How the product is watered and sugared greatly effects the louche in any case.
Quelle vie ont eue nos grands-parents
Entre l'absinthe et les grands-messes... ?

Semi Gifted Amateur (Masque)
Mousquetaire
Username: Masque

Post Number: 22
Registered: 8-2002
Posted on Tuesday, April 29, 2003 - 8:58 am:   Edit PostPrint Post

In the end, the Emile was good. But the louche on the Tarragona was thick. I will see if I can find the picture... could the age have something to do with it?
Marc Chevalier (Chevalier)
Absinthe Mafia
Username: Chevalier

Post Number: 1246
Registered: 11-2001


Posted on Tuesday, April 29, 2003 - 8:52 am:   Edit PostPrint Post

Weird. I know you've mentioned this before, Brett: that stirring hasn't affected the louche in your glass of Emile 68. But for some reason, it always takes away the cloudiness from mine, and thins it out. As a complete and total non-chemist, I have no idea why.
Brett Tyre (Brett)
le Duc
Username: Brett

Post Number: 139
Registered: 4-2002


Posted on Tuesday, April 29, 2003 - 8:06 am:   Edit PostPrint Post

I've now mastered the art of slow drip with a carafe. At first I thought Emile Sapin had a very pitiful louche, but after slowly dripping ice cold water into it, I can create a beautiful pale greenish louche that renders the drink almost opaque. Its quite lovely.

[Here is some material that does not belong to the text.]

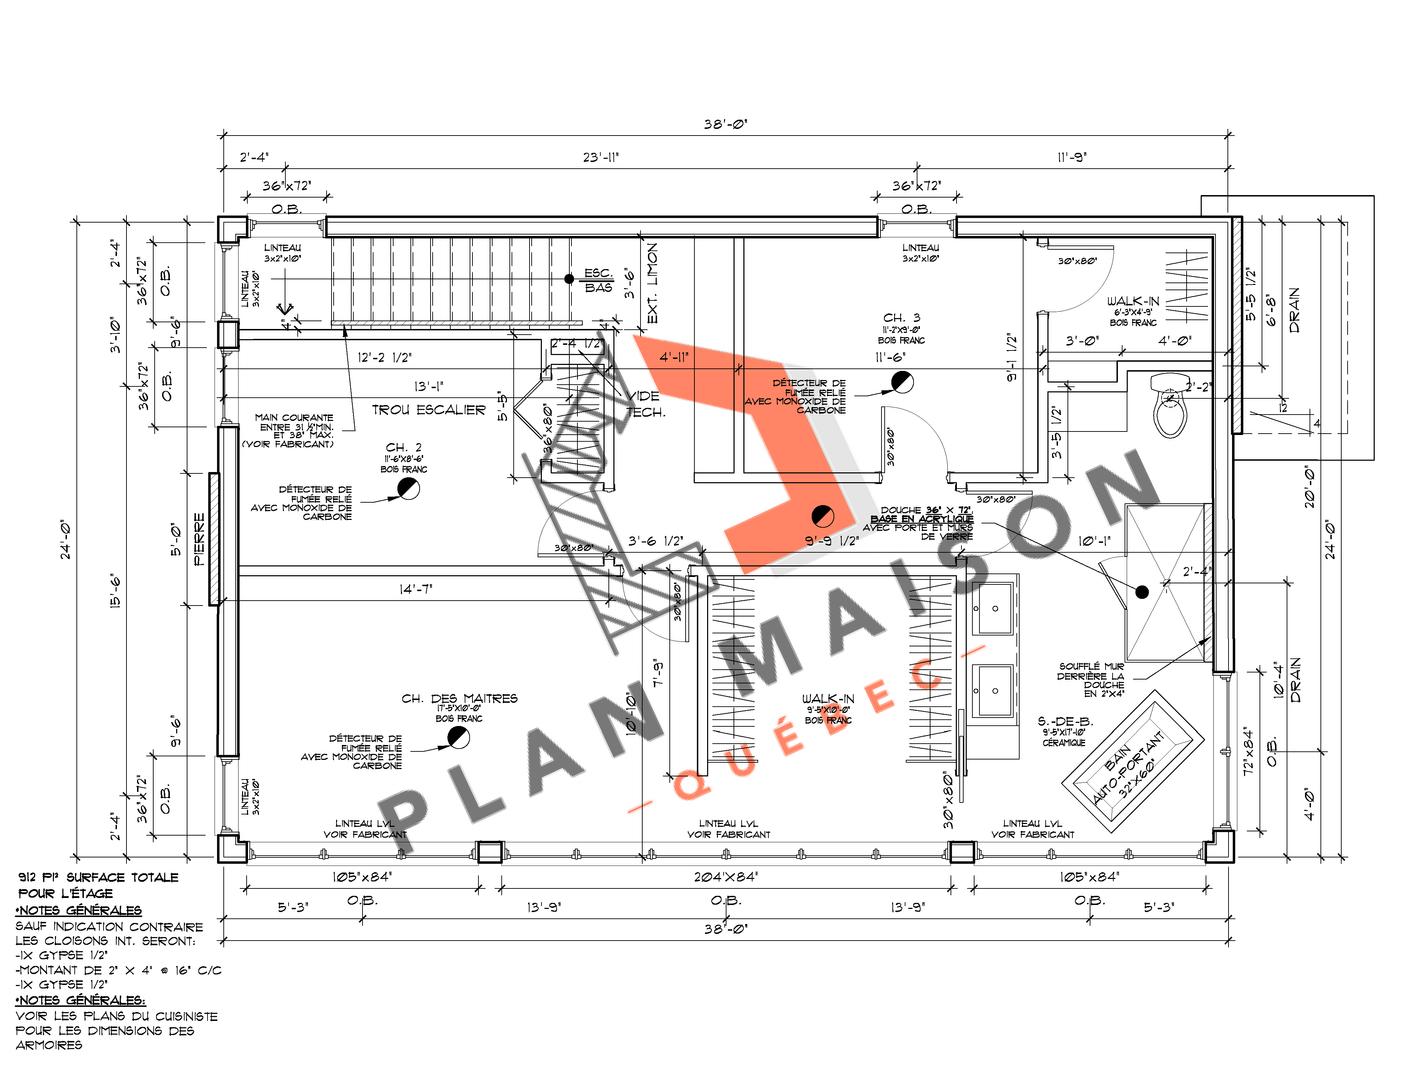 construire maison plan 7

Stirring: I personally have not witnessed it disrupt the louche; I thought it would actually help it by belnding the anis and water even further. But that's just me.
Marc Chevalier (Chevalier)
Absinthe Mafia
Username: Chevalier

Post Number: 1245
Registered: 11-2001


Posted on Tuesday, April 29, 2003 - 7:01 am:   Edit PostPrint Post

Masque, you can obtain a fine louche from Emile 68 if you VERY slowly drip water over the sugar. You'll definitely need a fountain (or a faucet tap) to do it. Stirring the drink afterward will dissipate most of the louche, so don't stir until you've basked in the louchey glow to your heart's content.
simon pedersen (Simon)
Mousquetaire
Username: Simon

Post Number: 37
Registered: 7-2002
Posted on Tuesday, April 29, 2003 - 3:05 am:   Edit PostPrint Post

The louche of vintage pernod is not that strong compared to many. Quite often the light in the room or the way the picture was taken can make it look as though it was. However one thing i have noticed with the louche of vintage is that when left to stand for a few minutes it actually turns more opaque in texture a bit like un emile 68% does. I'm assuming that this is perhaps a characteristic of green anis.
Semi Gifted Amateur (Masque)
Mousquetaire
Username: Masque

Post Number: 21
Registered: 8-2002
Posted on Tuesday, April 29, 2003 - 1:13 am:   Edit PostPrint Post

While enjoying a glass of Emile 68, I was noticing the "thin" louche. I fiqured that this is because of a lack of star anise. I remember some pictures of vintage tarragona someone bought recently and the louche was incredibly thick... was the louche of old brought about by star anise as well, or if not, what caused it?